(DATA BLOCK):

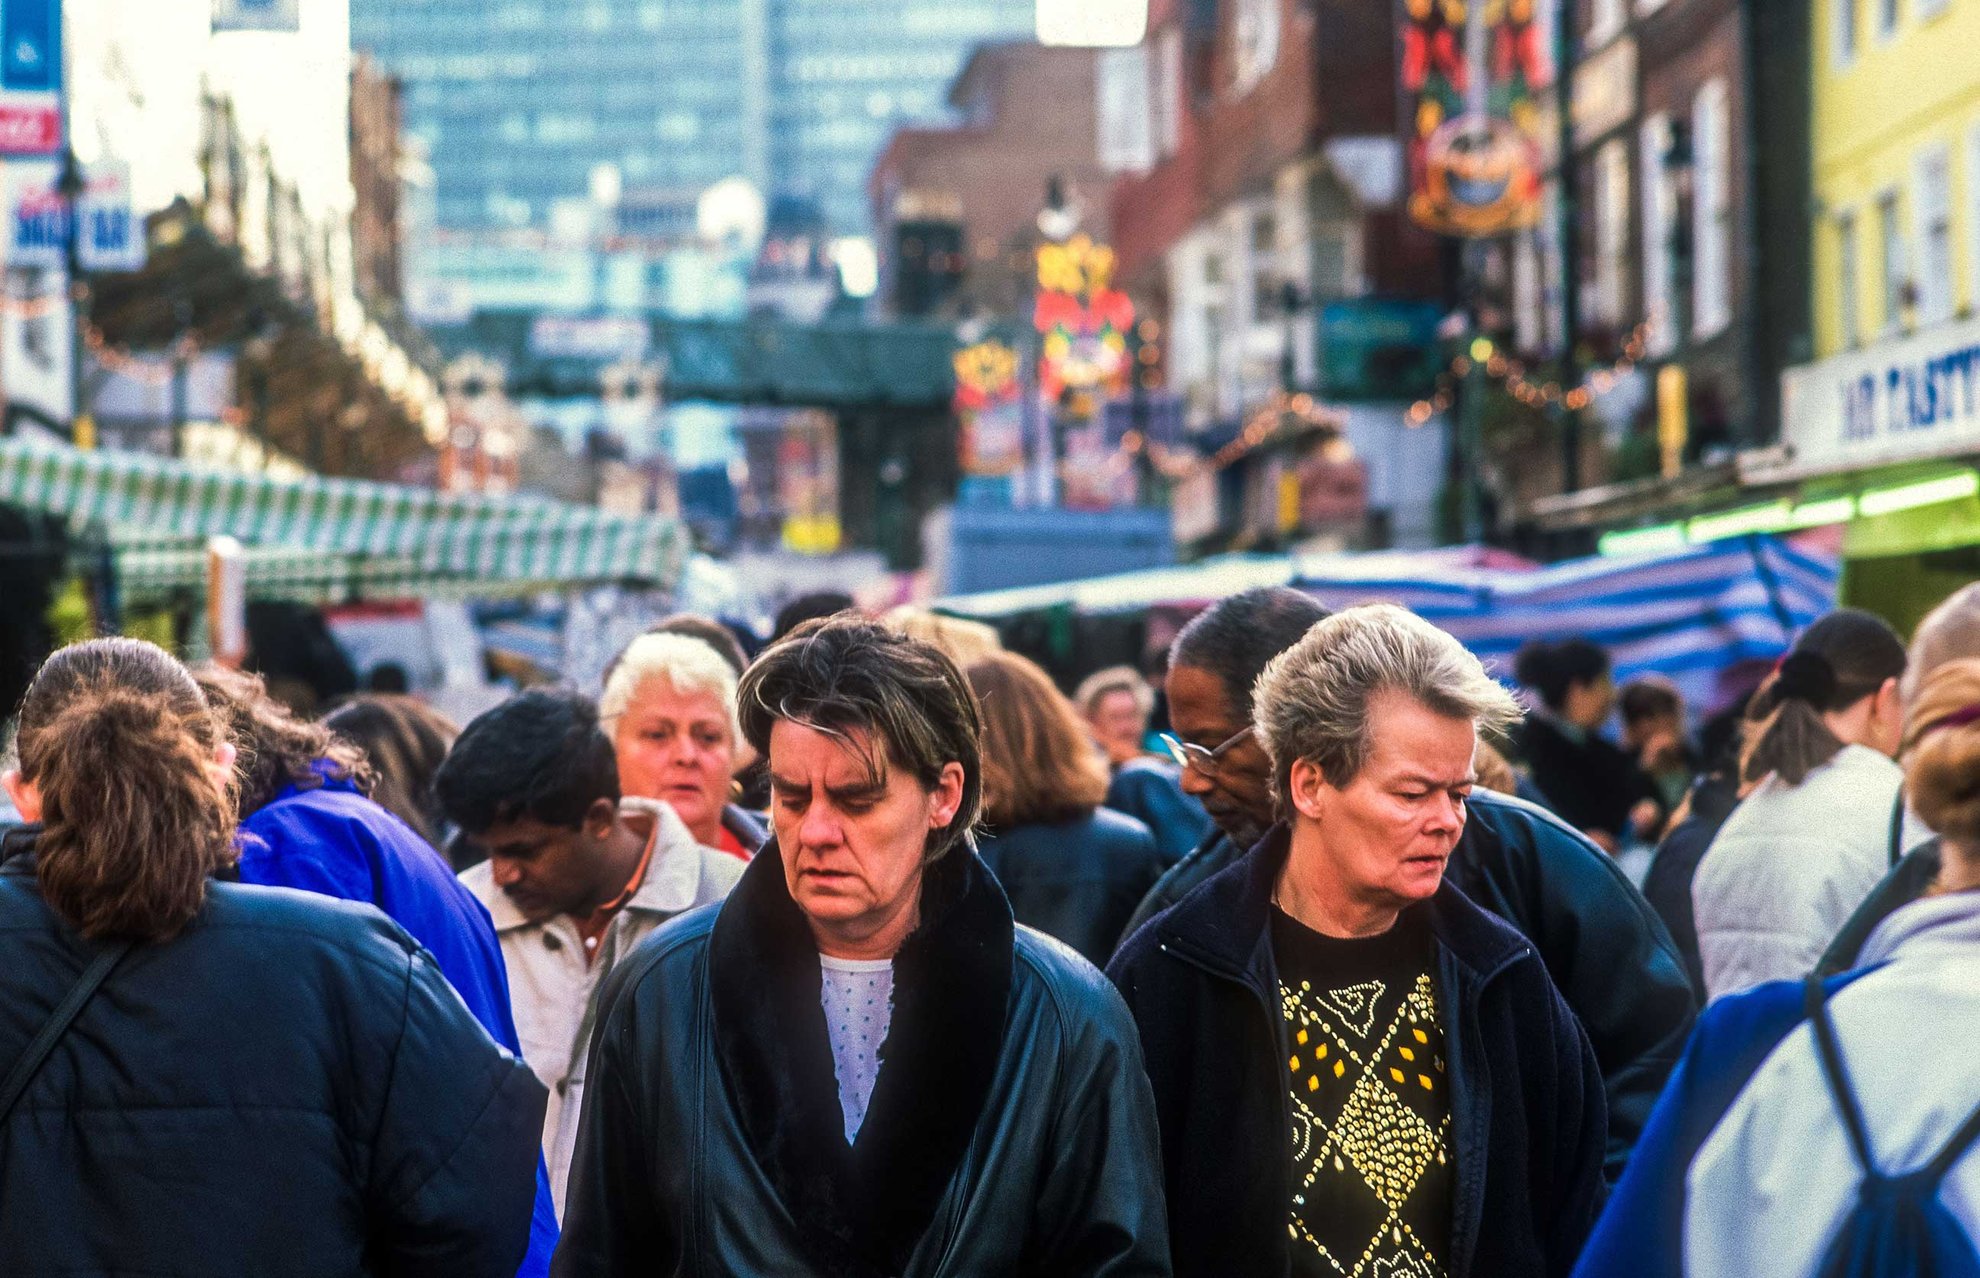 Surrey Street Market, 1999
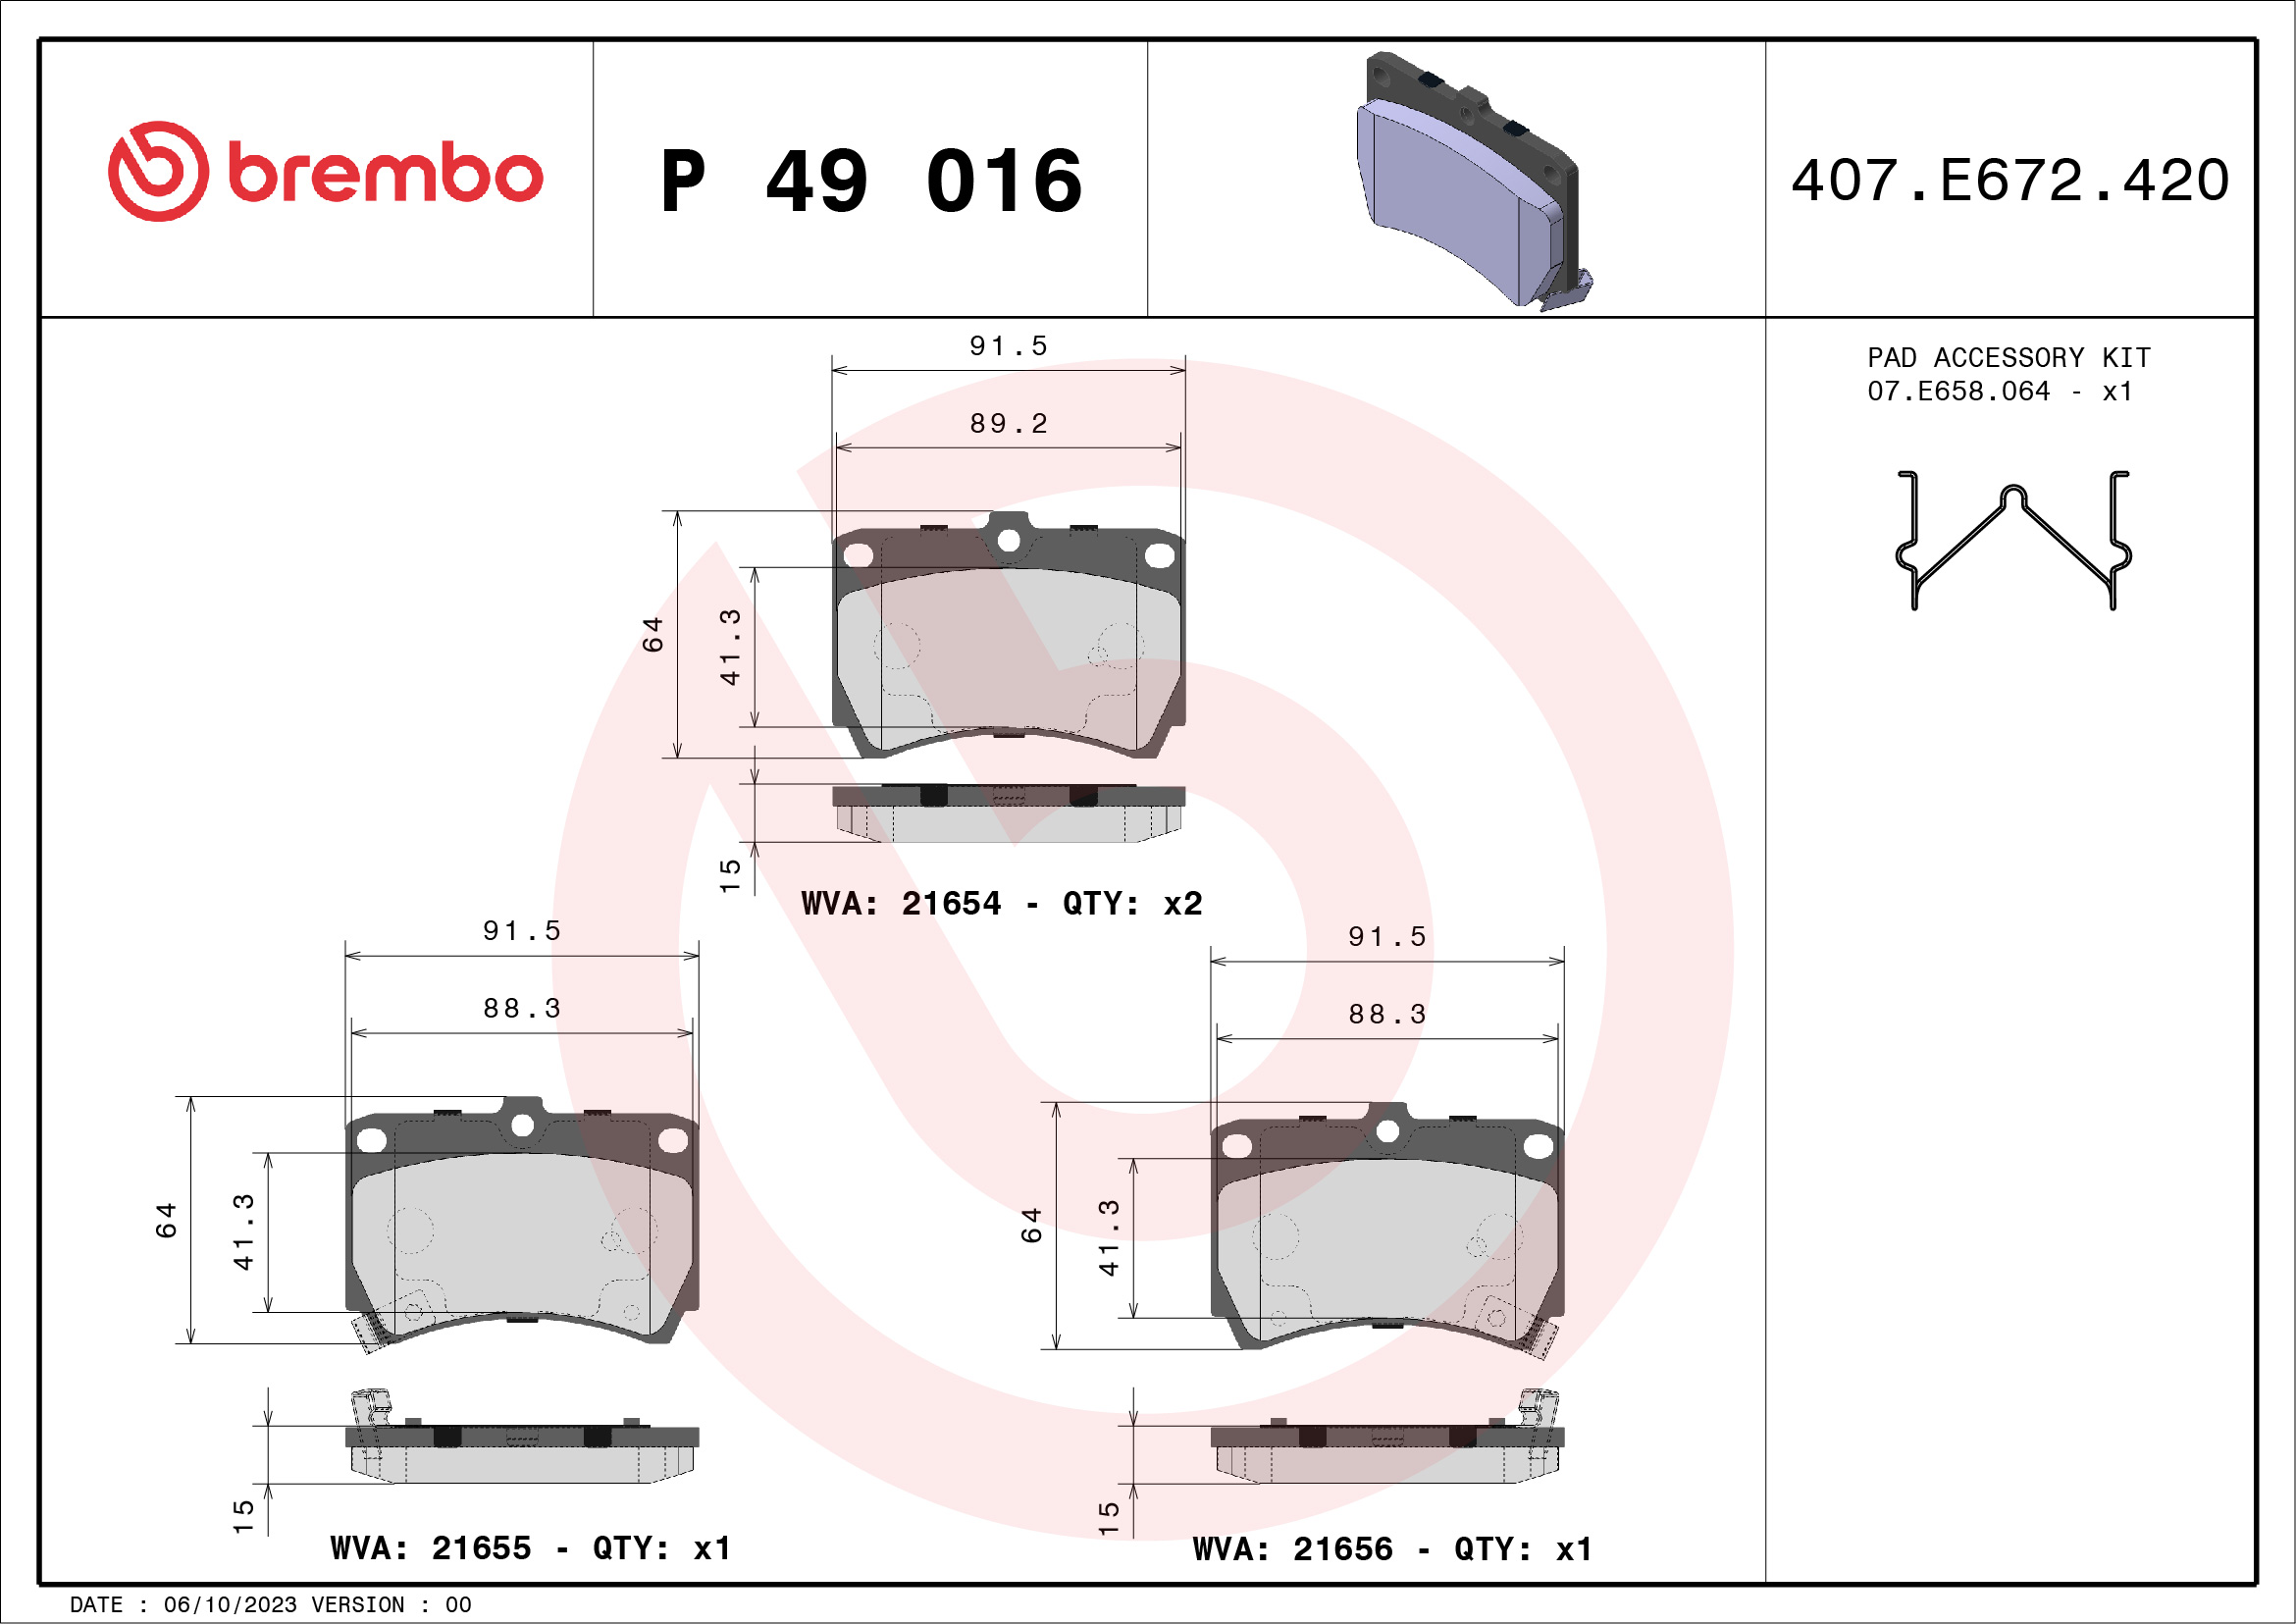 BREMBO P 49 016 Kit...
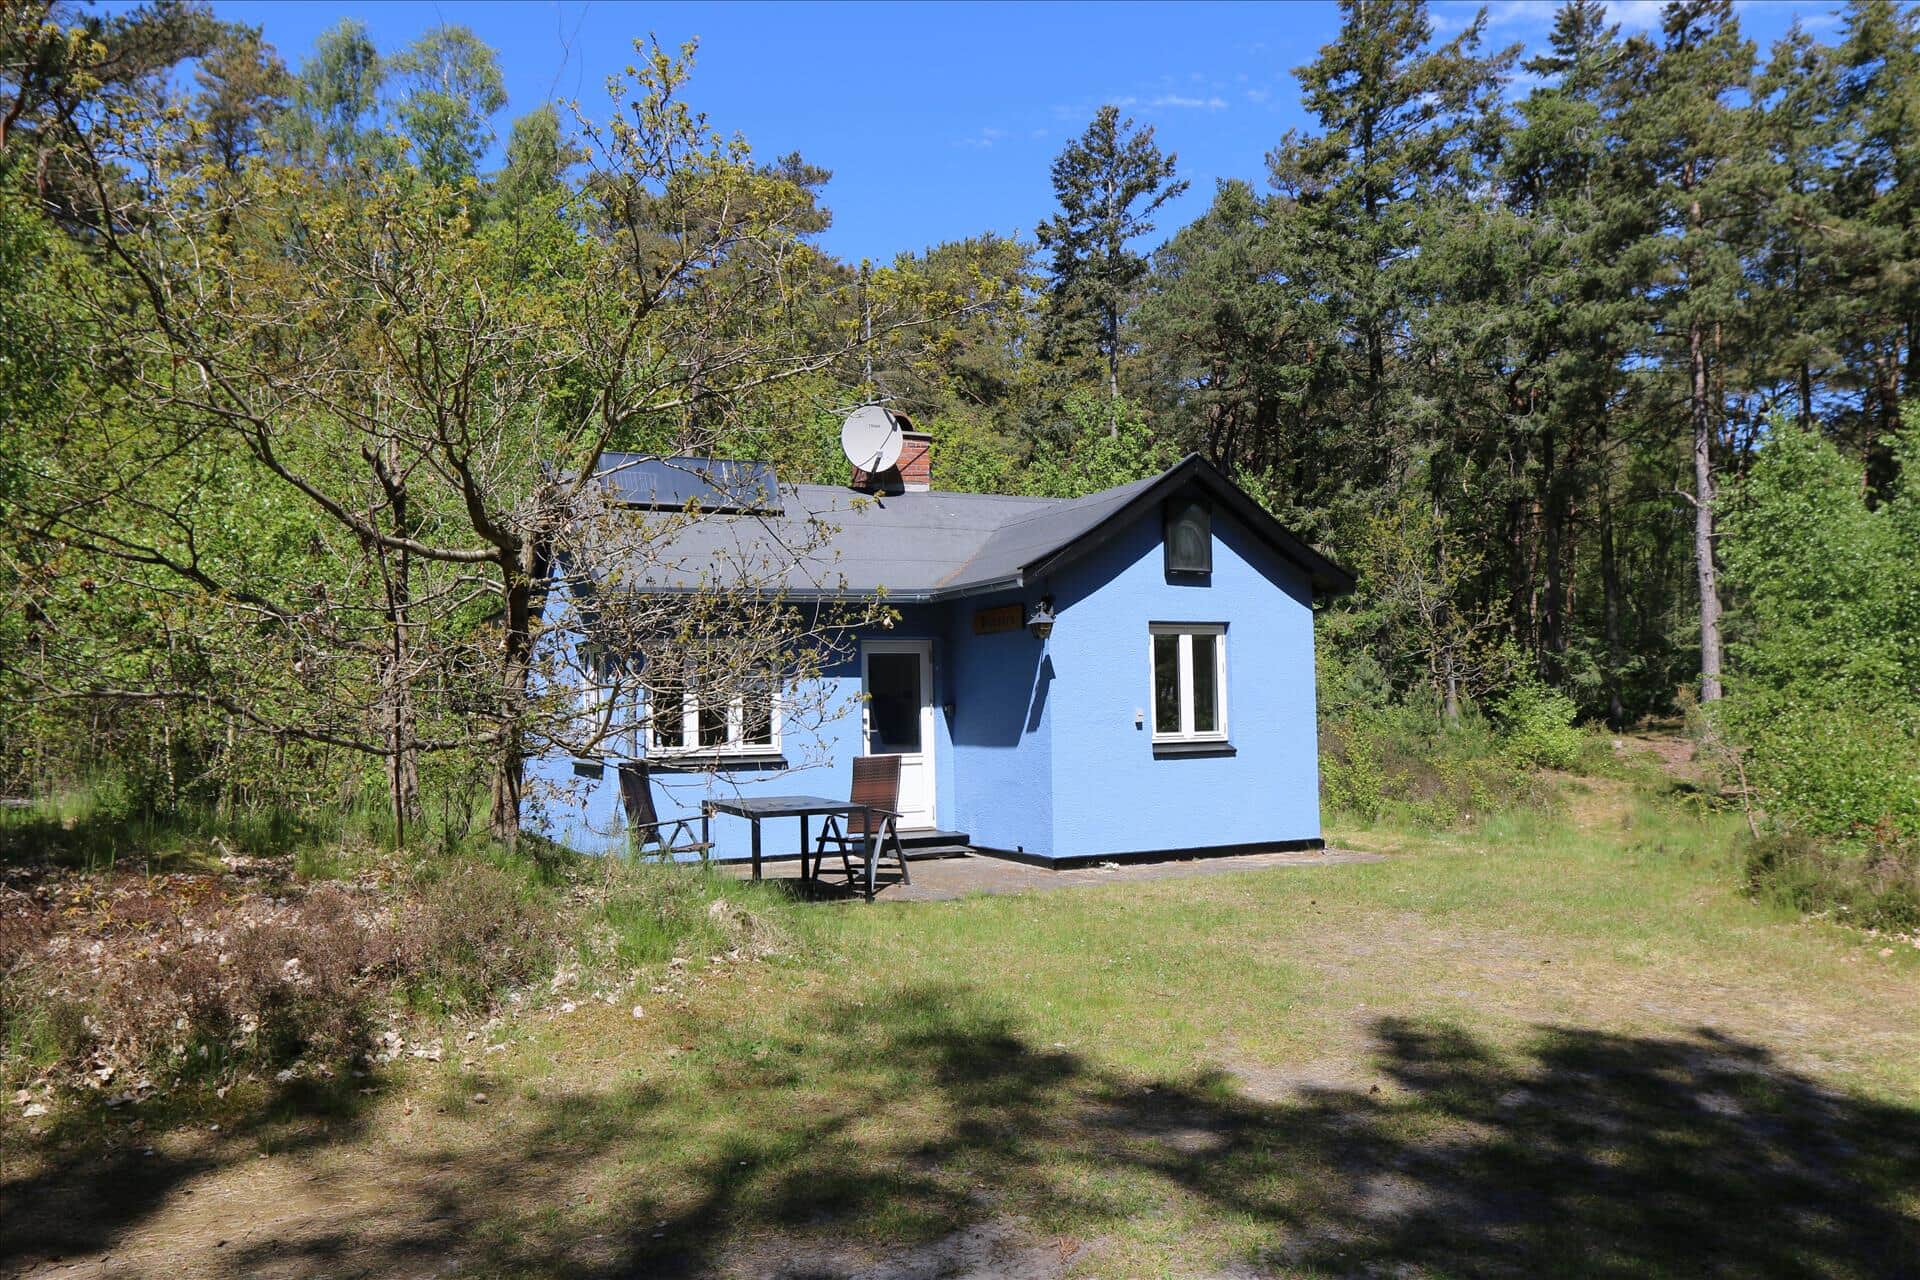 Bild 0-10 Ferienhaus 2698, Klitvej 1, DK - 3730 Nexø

(WHAT IS EXPECTED): All of the lines above should be printed exactly, minus the pictures.

(REPLY TO THE EXERCISE):
 Surrey Street Market, 1999
 BREMBO P 49 016 Kit...
 Bild 0-10 Ferienhaus 2698, Klitvej 1, DK - 3730 Nexø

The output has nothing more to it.